◆ **RECORDED INFORMATION**
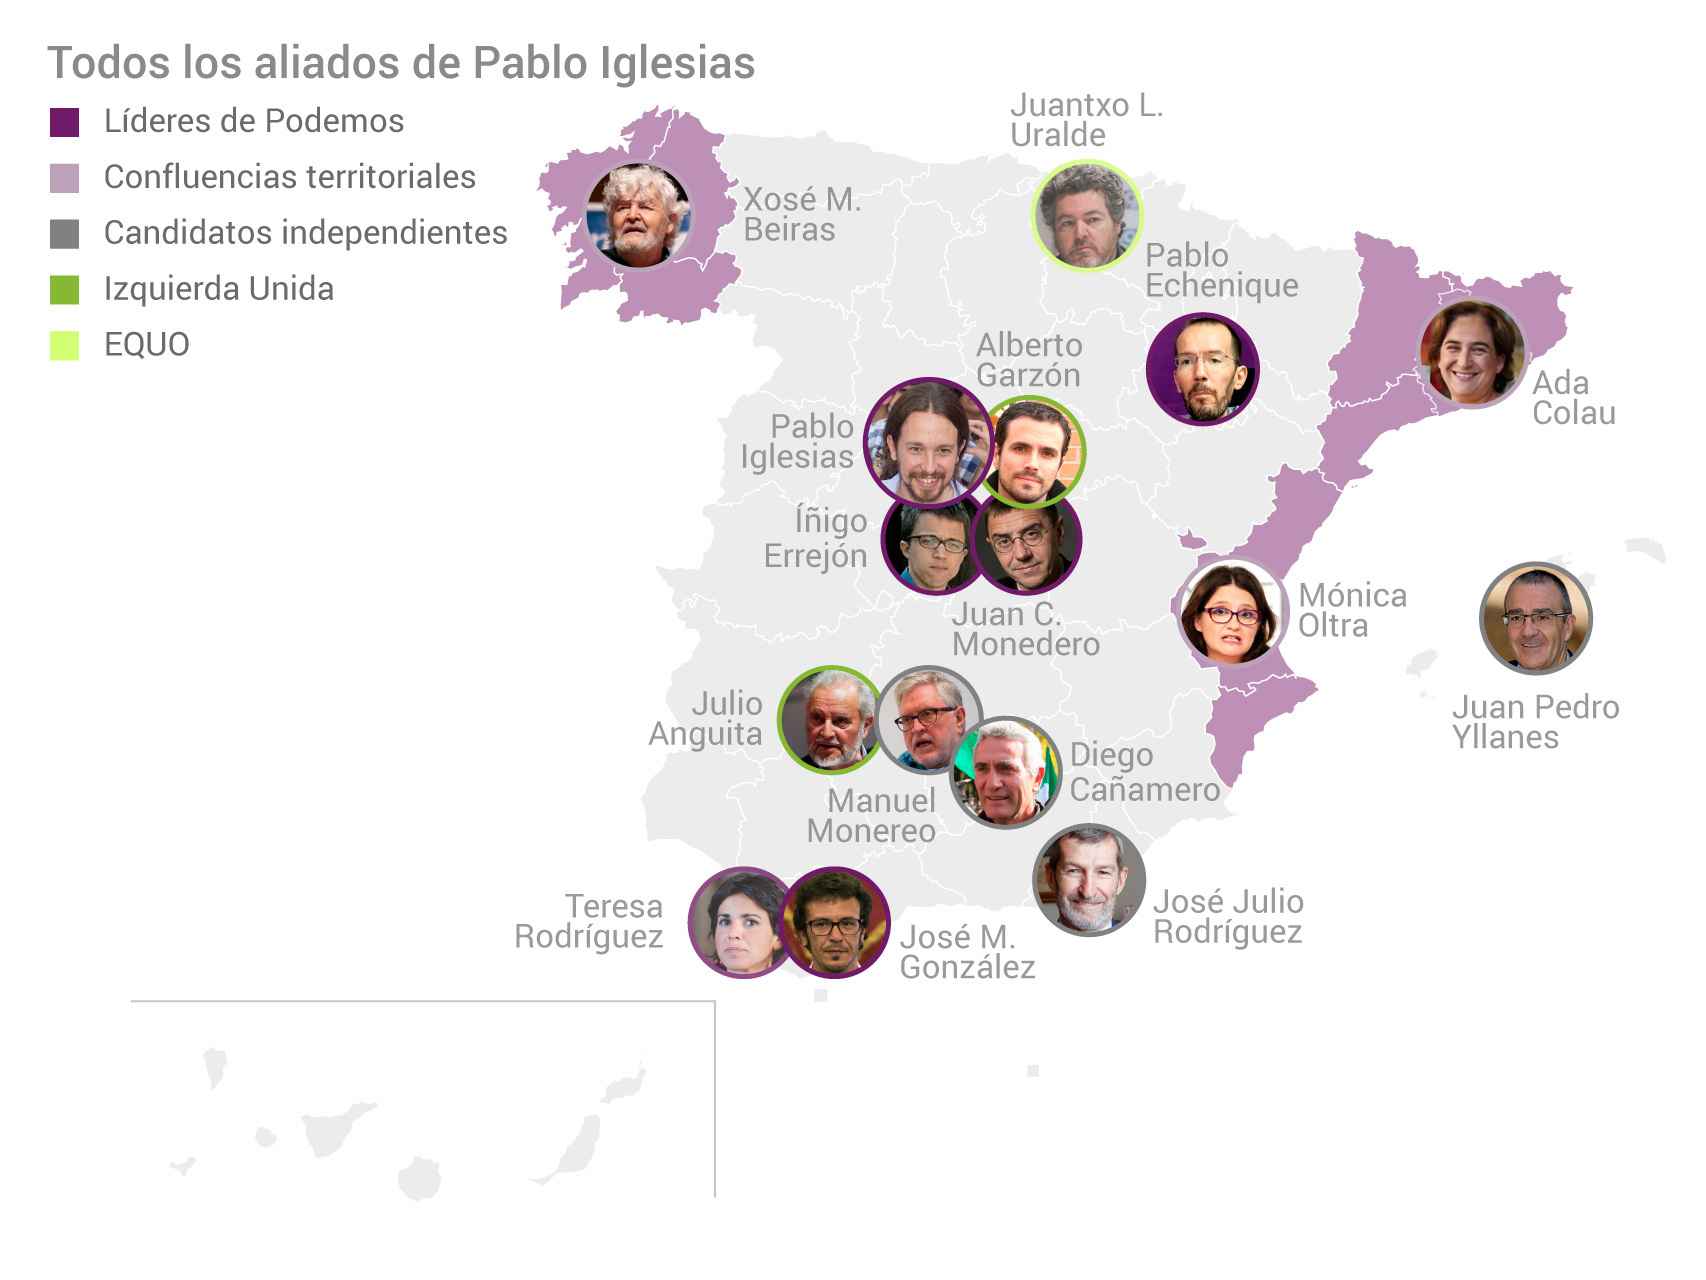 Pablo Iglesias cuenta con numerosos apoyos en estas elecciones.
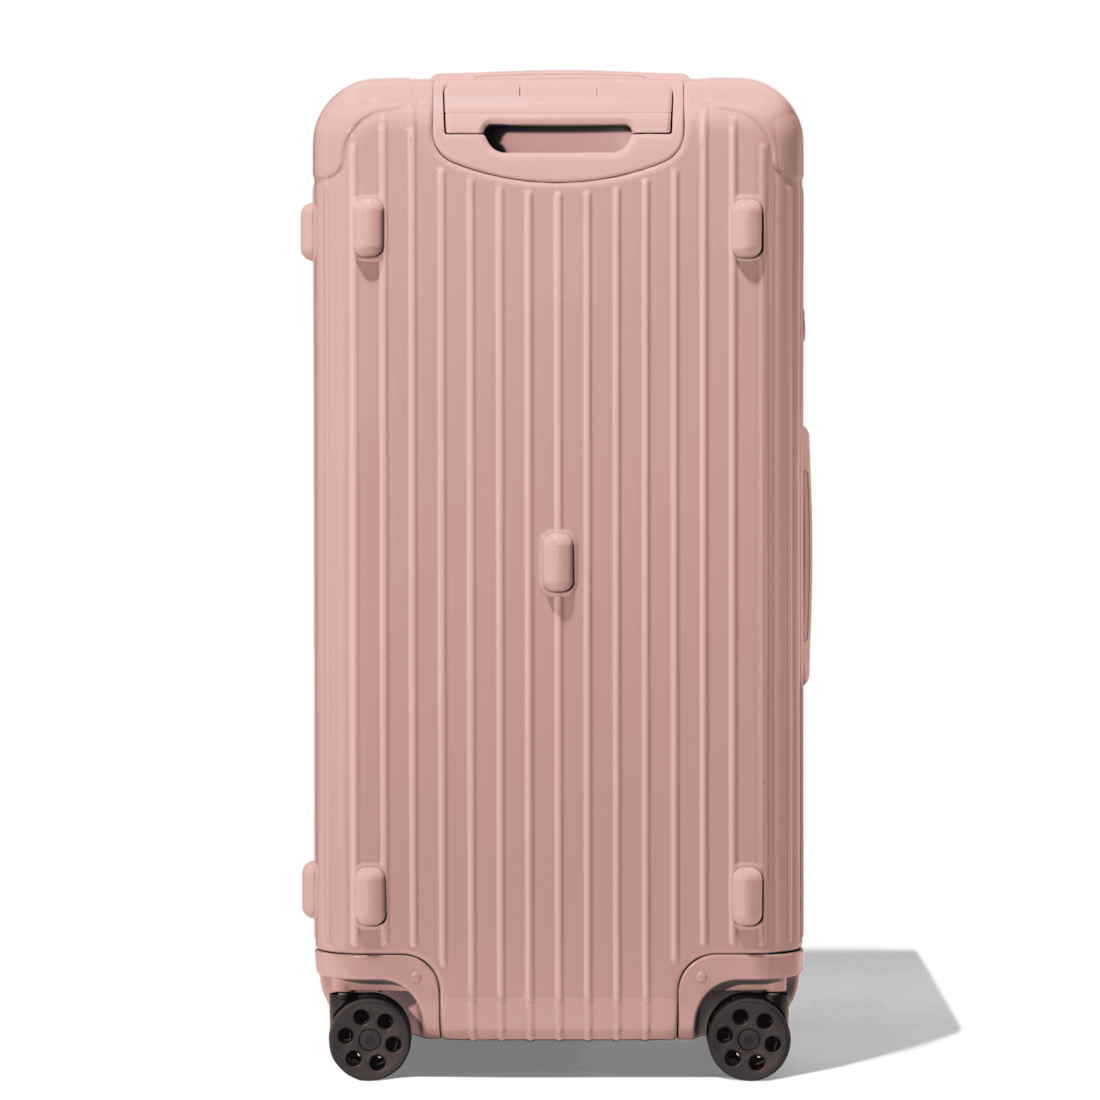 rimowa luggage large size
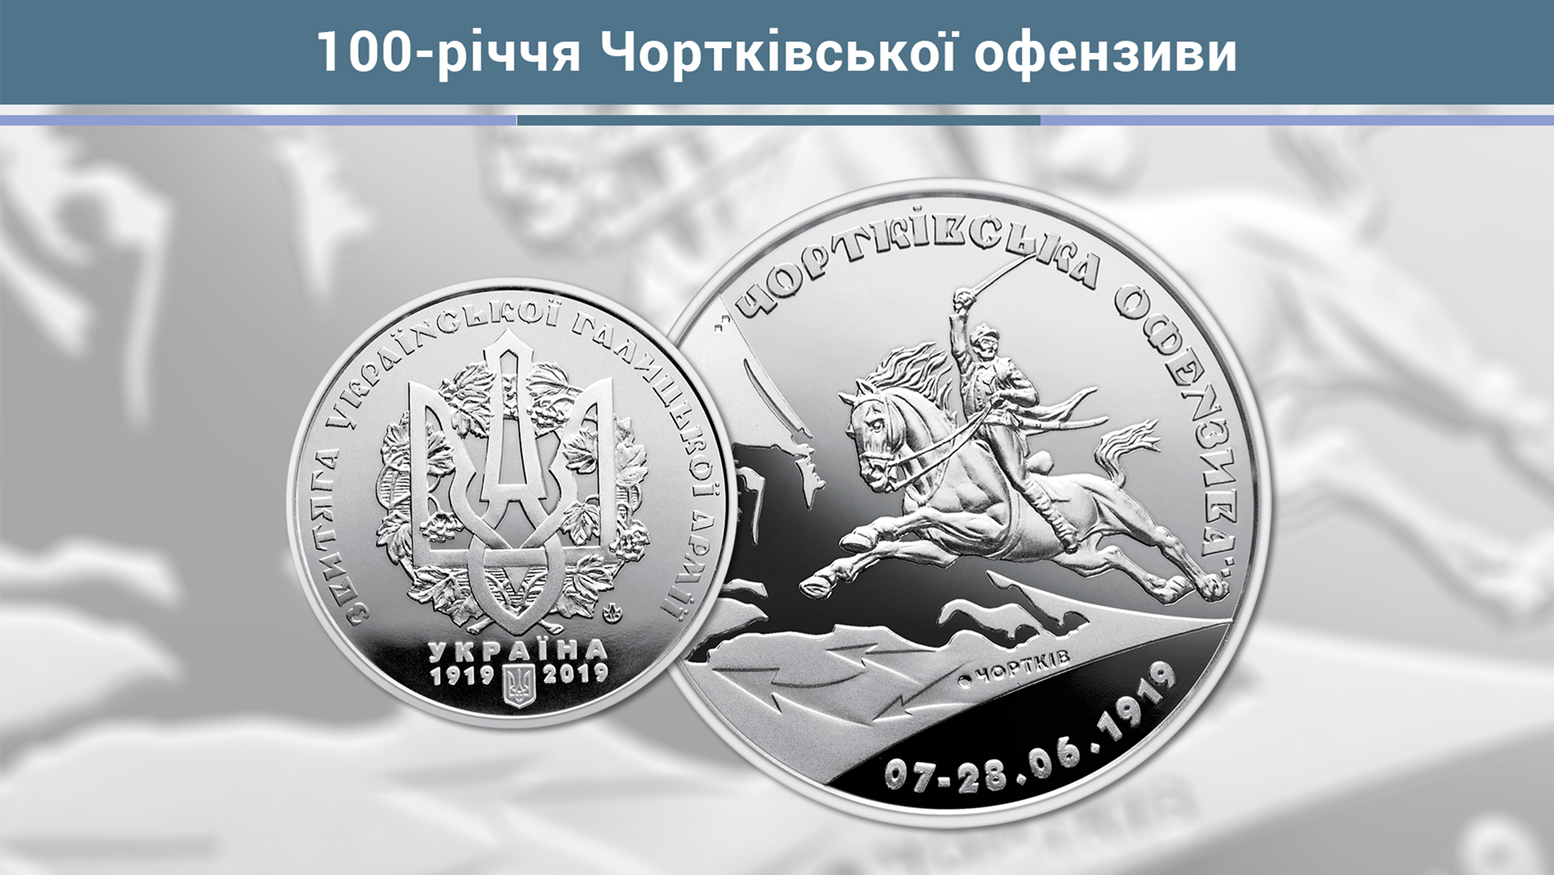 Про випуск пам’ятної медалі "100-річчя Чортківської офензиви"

◆ **PROBLEM TO SOLVE**
Print the lines from the line with "rimowa luggage large size" to the end of the data above. Include both ends, exclude the pictures, and add nothing else.

◆ **EXERCISE ANSWER**
 rimowa luggage large size
 Про випуск пам’ятної медалі "100-річчя Чортківської офензиви"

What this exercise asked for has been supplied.